お兄ちゃんは、親しげにカップルに話しかけます。

「あ! 有栖川じゃん! どしたの!」

背の小さいショートカットの活発そうな女子が答えます。

さて、お兄ちゃんはここでなんと答えるのでしょうか?

妹と買い物? それとも、彼女とデート?

さあお兄ちゃん。答えをどうぞ!

「妹とデートだ」

きましたぁぁぁぁぁぁぁ!

嘘はついていないけれど、変な感じにならない絶妙な答えです!

さすがお兄ちゃんです。

「そうなのか。お前はシスコンだなぁー」

カップルの男性の方が答えます。

その後、自己紹介をしたあと映画のチケットを買い、昼の上映までまたショッピングを楽しむことになりました。

 

食べ物屋さんに小物類、カバンやメガネ屋さんをざっと見てまわり。

続いて入ったのは、キャラクターグッズの店。

店の奥では、光野さんと赤羽さんが商品を前に何やら話しています。

「ねえねえ太陽。このうさちゃんかわいいよね!」

「そうだな。じゃあ買えばいいじゃん」

「……そういうことが言って欲しいんじゃないんだよなぁー」

あ、光野さんは女心が分からないんですね。

こういうときの女の子は、買えばいいじゃんとか、そういうことを言って欲しいわけじゃないのに……。

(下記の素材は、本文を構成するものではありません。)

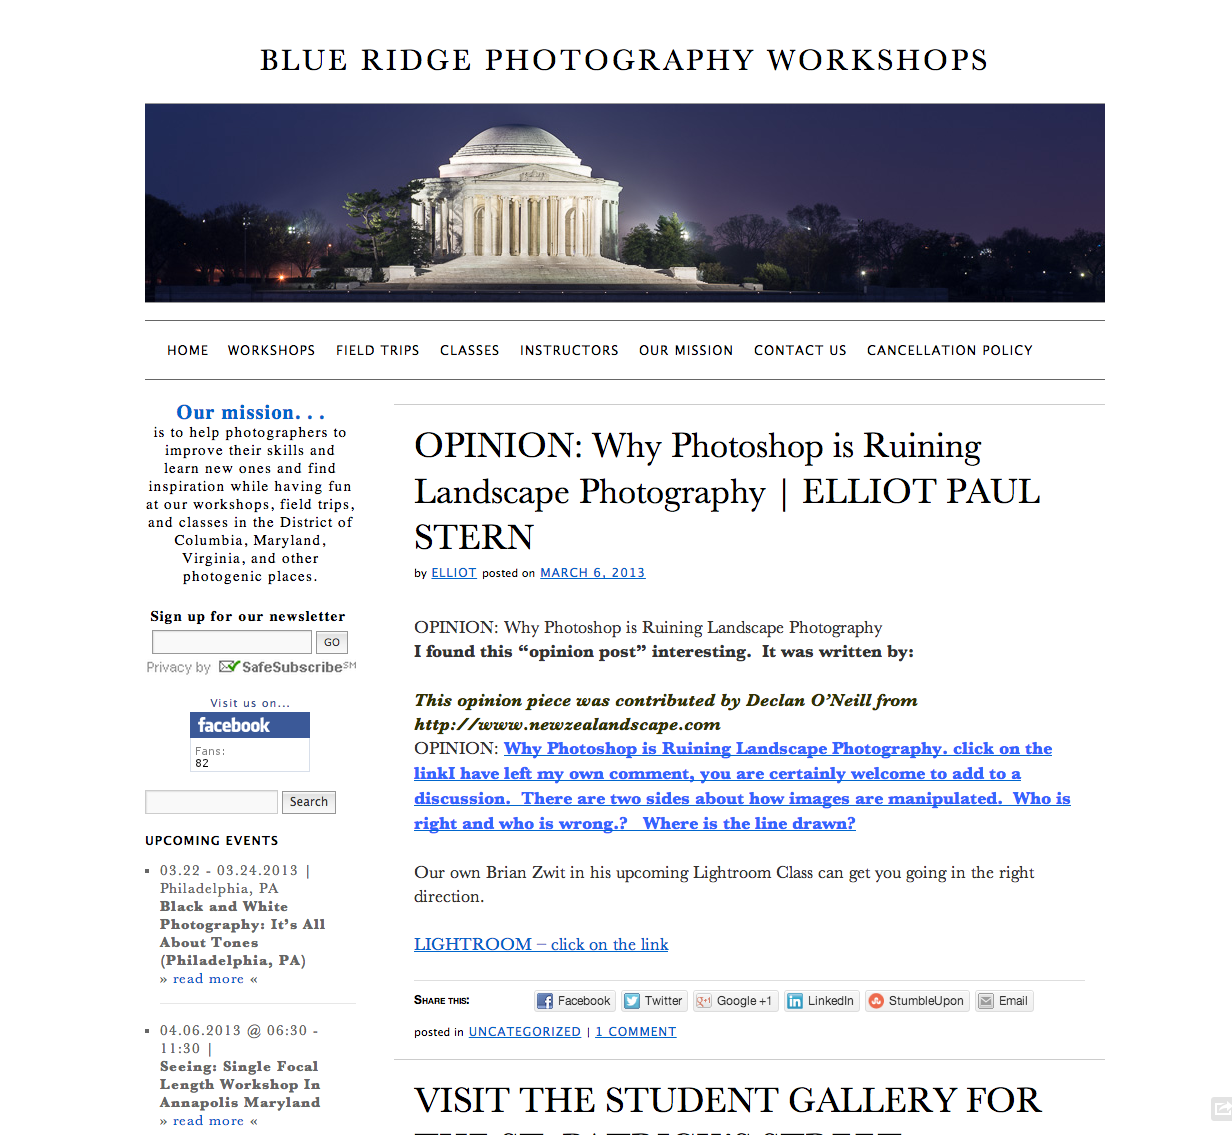 Blue Ridge Photography Workshops

(……はっ! お兄ちゃんにも試してみましょう! お兄ちゃんを試すような真似をするのは心苦しいですが、興味があります!)

「お兄ちゃんっ! このクローバーのクマさんトートバッグ、可愛いですよねっ!」

私はクマさんトートバッグを手に持って、胸の前に持っていきます。

さて、お兄ちゃんはどんな気の利いた事を言ってくれるのでしょうか。

「このクローバーの柄と、素朴なベースの色に対する黄緑色の合わせがかわいいな。小さいクローバーの儚さっていうか可愛さっていうか、そういうのが京香に合ってて、すごく可愛いと思うぞ」

ずきゅぅぅぅぅぅぅぅぅぅぅぅんっ!

お兄ちゃん! なんて完璧なお兄ちゃんなんでしょう。

素敵すぎます、かっこよすぎます!

女の子は、色とか自分に似合うかとか、そういう感想を求めてるんです!

お兄ちゃんは、もう、完璧です。

「お兄ちゃんっ」

「ん? なんだ京香」

「ぎゅーって、してください」

私は、外だというのにはしたなく、おねだりしてしまいます。

するとお兄ちゃんは。

「家に帰ってから、な」

と耳元で囁くと、私の手をぎゅっと握って、クマさんトートバッグを持ち、レジへと歩き出すのでした。

家に帰ってからも、私は憂鬱な気分にならずに済みそうです。